▶ **Data segment**
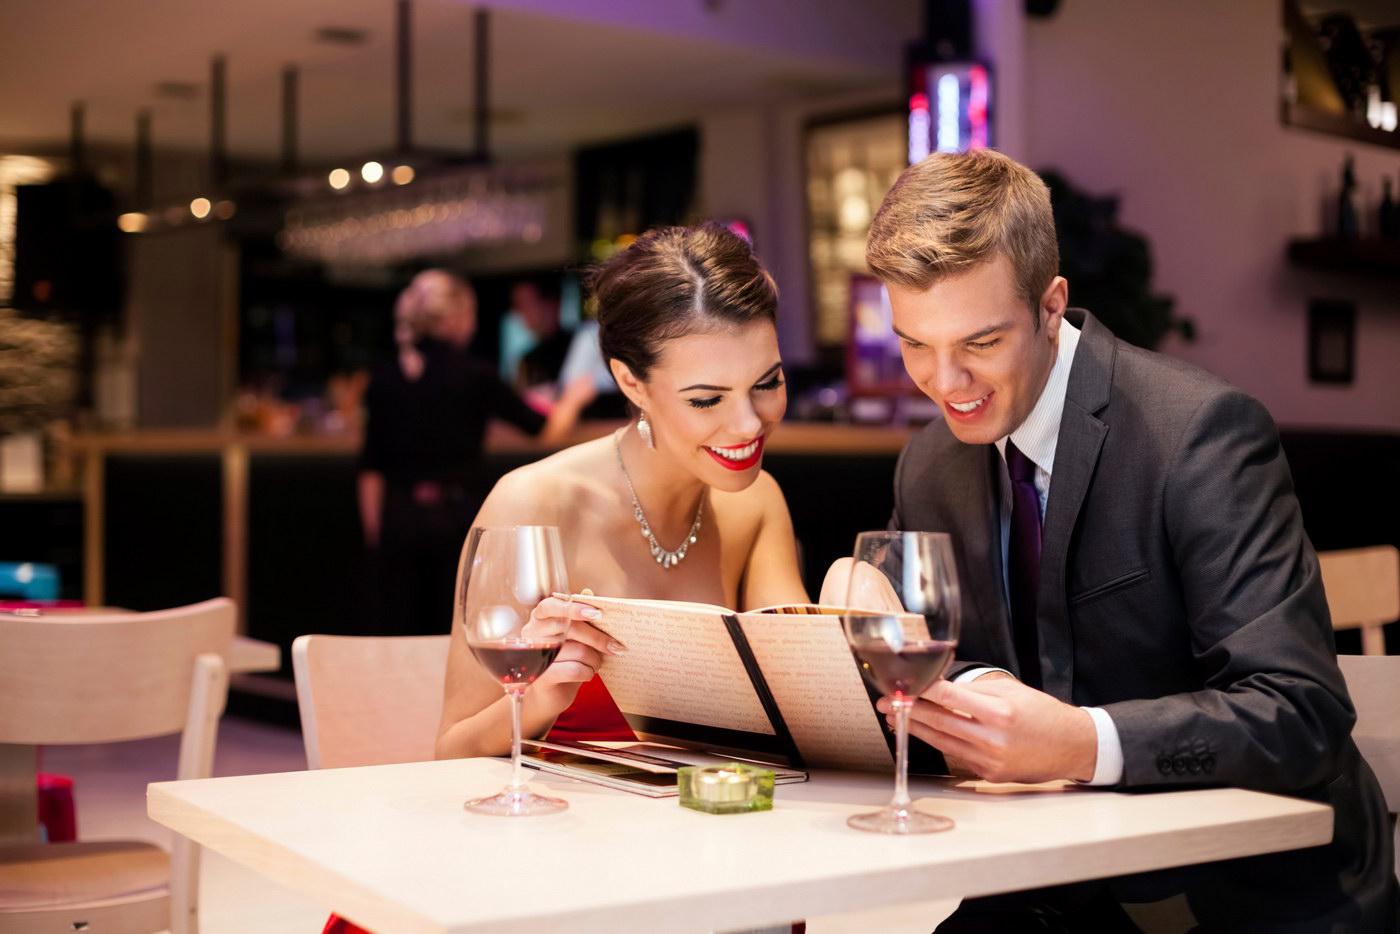 Cum sa alegi restaurantul pentru intalnire
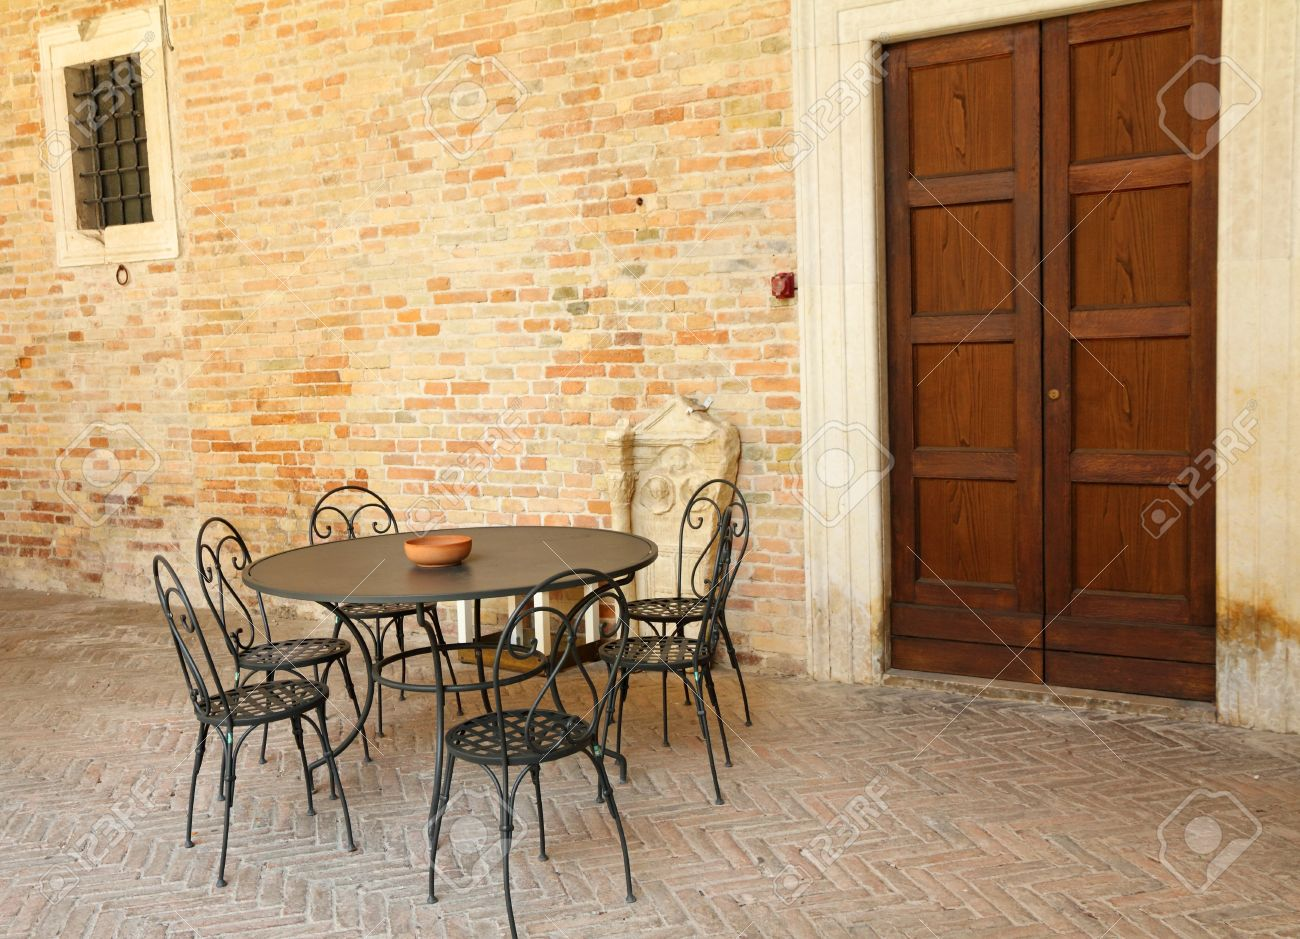 Meubles de jardin sur la terrasse rétro italien, Italie, Europe
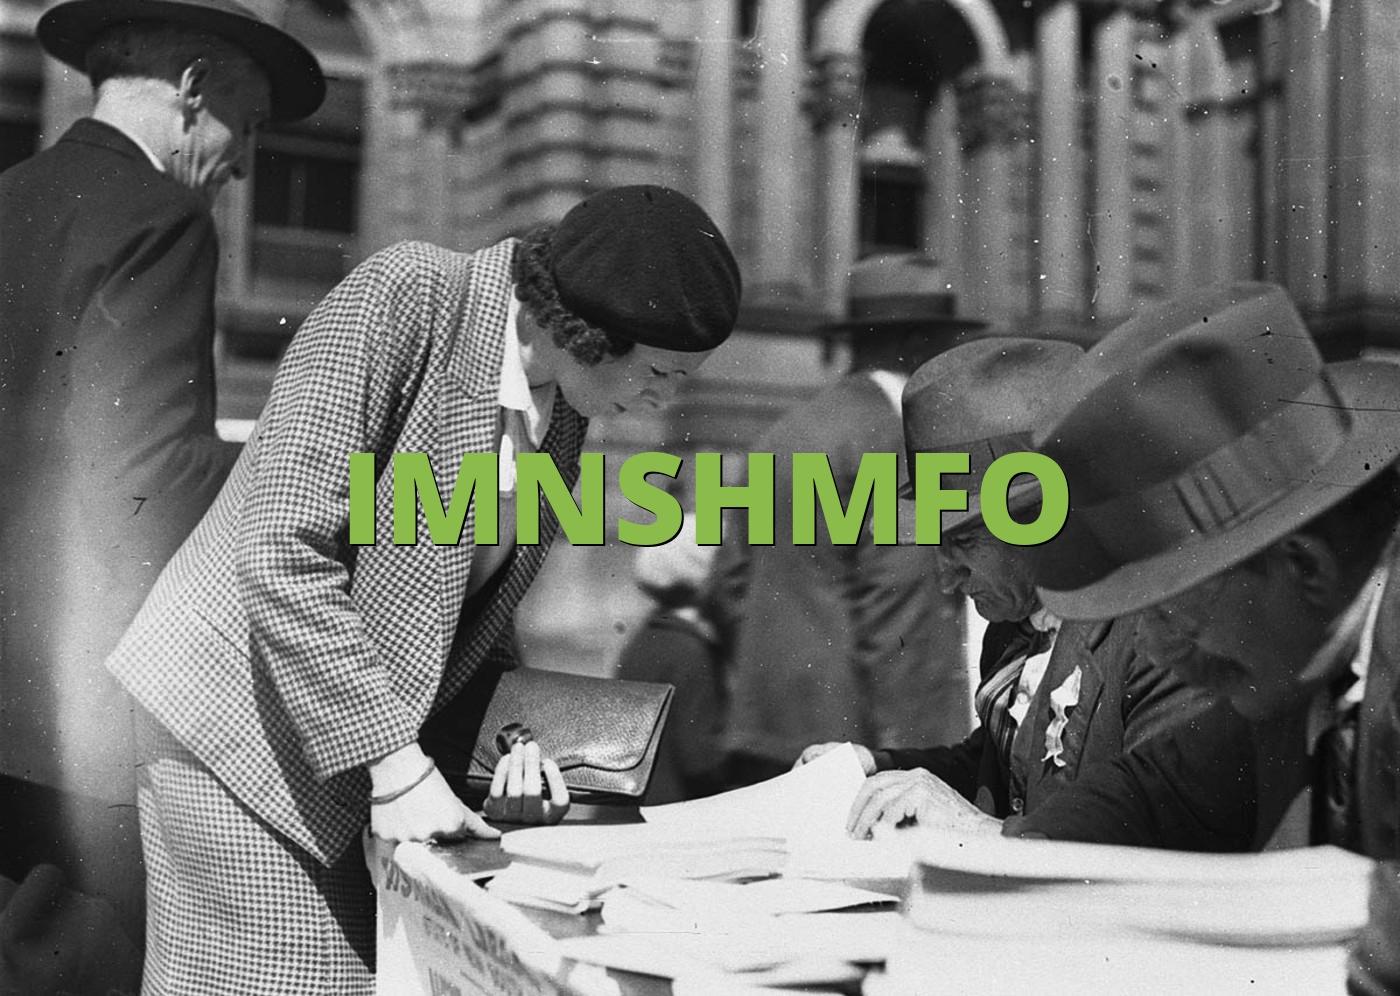 IMNSHMFO

▶ **Exercise**
Copy out the lines above in full and unaltered, apart from the pictures.

▶ **Answer box**
 Cum sa alegi restaurantul pentru intalnire
 Meubles de jardin sur la terrasse rétro italien, Italie, Europe
 IMNSHMFO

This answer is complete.